Well I lost 30lbs. My fat percentage dropped some. I felt better. However, in the end I felt I could have received the same results without paying so much for the MRP. I think the program would be run better if someone with background and training in nutrition, counseling, and medicine. All the Elevate staff were nothing but supportive.

The excuses I have for not losing more are that I cheated the last two weeks of Phase I, injured my knee to the point where I couldn't run and could only use the elliptical for short periods of time. Also, I felt burnout on the program.

My only other problem with the system was that it seemed like it was still in its infancy. At times I was unsure what I should be doing in the classes because they'd gotten so big as to make one-on-one help virtually impossible. I am agoraphobic, so as the group got bigger, and better, while I felt I was stagnating, I became more and more anxious. Some of the members didn't seem to like me, but that's just an inference from me. I think I came off as pessimistic.

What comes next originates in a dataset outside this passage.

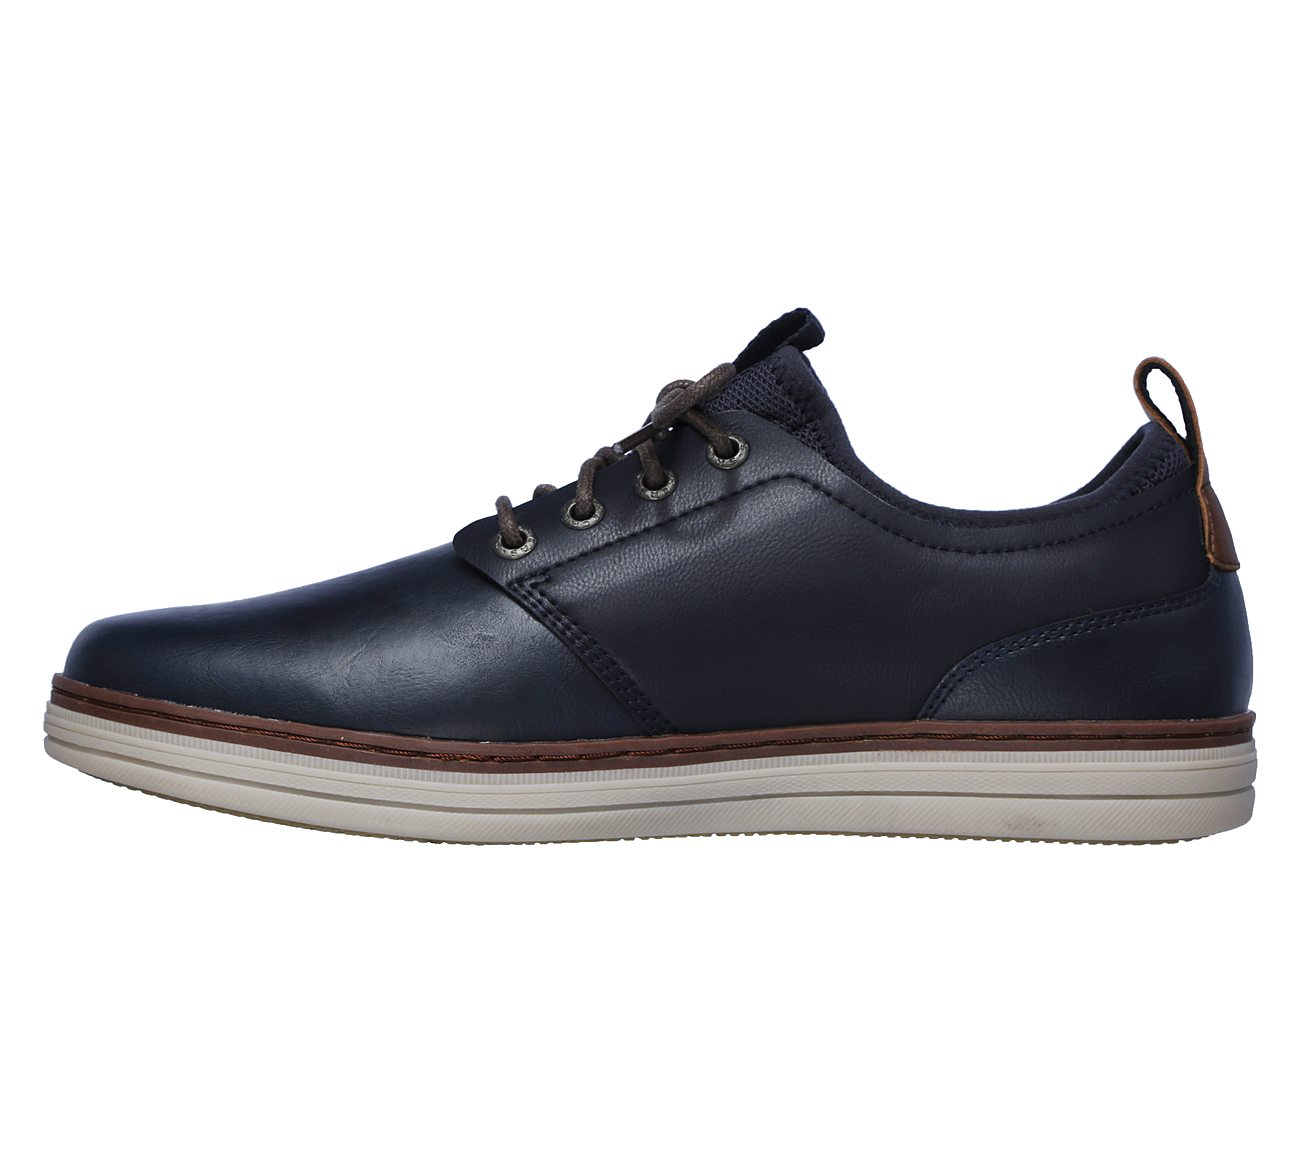 Perder ligero deshonesto  Buy SKECHERS Heston - Rogic Comfort Shoes Shoes
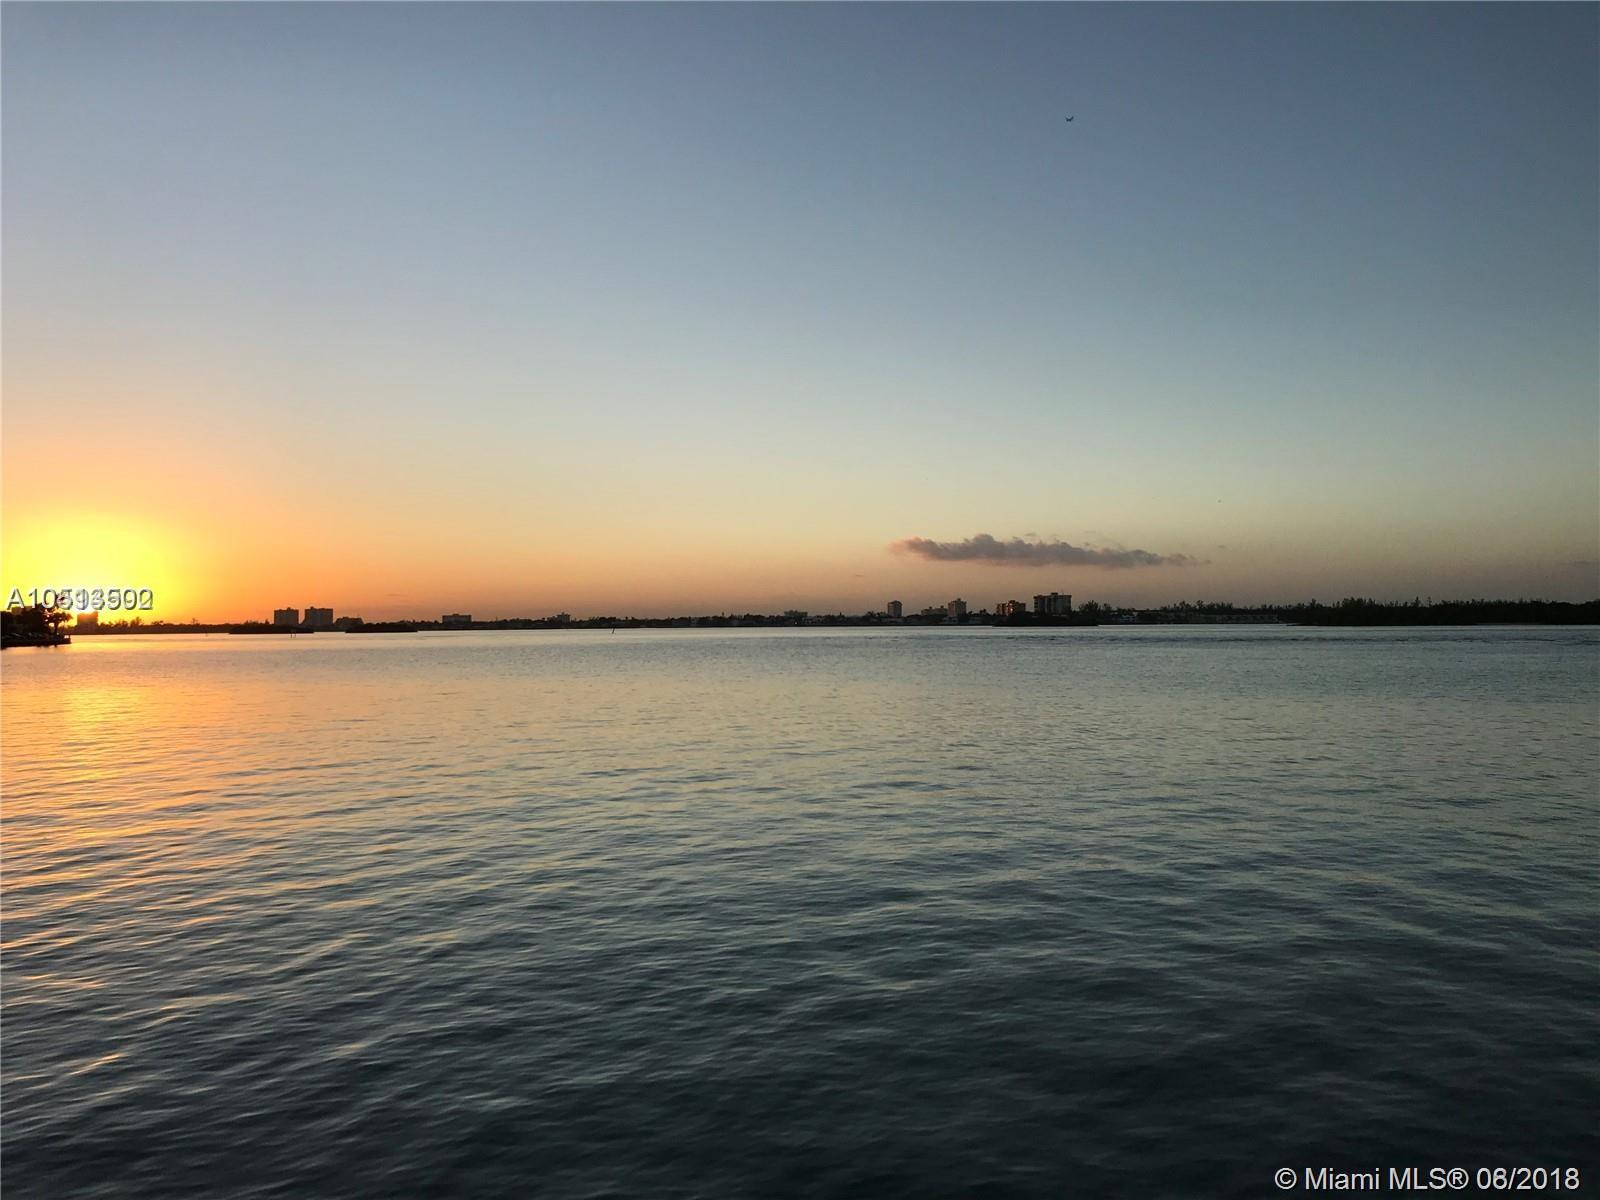 10312 W Broadview Dr, Bay Harbor Islands, FL 33154 - Bay Harbor Islands, FL real estate listing

Some truth for a minute: I felt pessimistic because I put a lot of hope into this program. I followed it so closely and still didn't see real results (by real results I mean weight loss equivalent to working out and eating healthy w/o an expensive program). I also hoped I'd find a community free of bullies (my experience with bullies is to be treated as if I don't exist and when I speak up to groan or laugh derisively) -- but the groups all had at least one member like that. At the classes I couldn't get over how unready I was for exercise and how poorly I did. I also felt that I wasn't improving anywhere near as quickly as the other group members. None of this has anything to do with the program itself. It has to do with my mental illness.

2 comments:

  1. Thank you for sharing your experiences with the WIO Diet and elevate. I started the program on May 1st I have found that it has not had the fast results that I was hoping for. At the end of this month I will have been on the plan for 6 months. I have lost 38 lbs. but feel I have gained much more than the weight I have lost. I am stronger, healthier, & happier. Not to mention I have lost 4 pant sizes. The scales can be deceiving as you gain muscle and strength. The class size varies quite a bit. It was pretty large with 20 or so participants for about a month but has gone back down to averaging under 10 participants. I found that if I only compare myself to myself I can see progress and I don't get as easily discouraged. My mother told me that whenever you compare people, somebody loses. You should come back and exercise with us! You may be surprised with how many people have missed you and your fun humor.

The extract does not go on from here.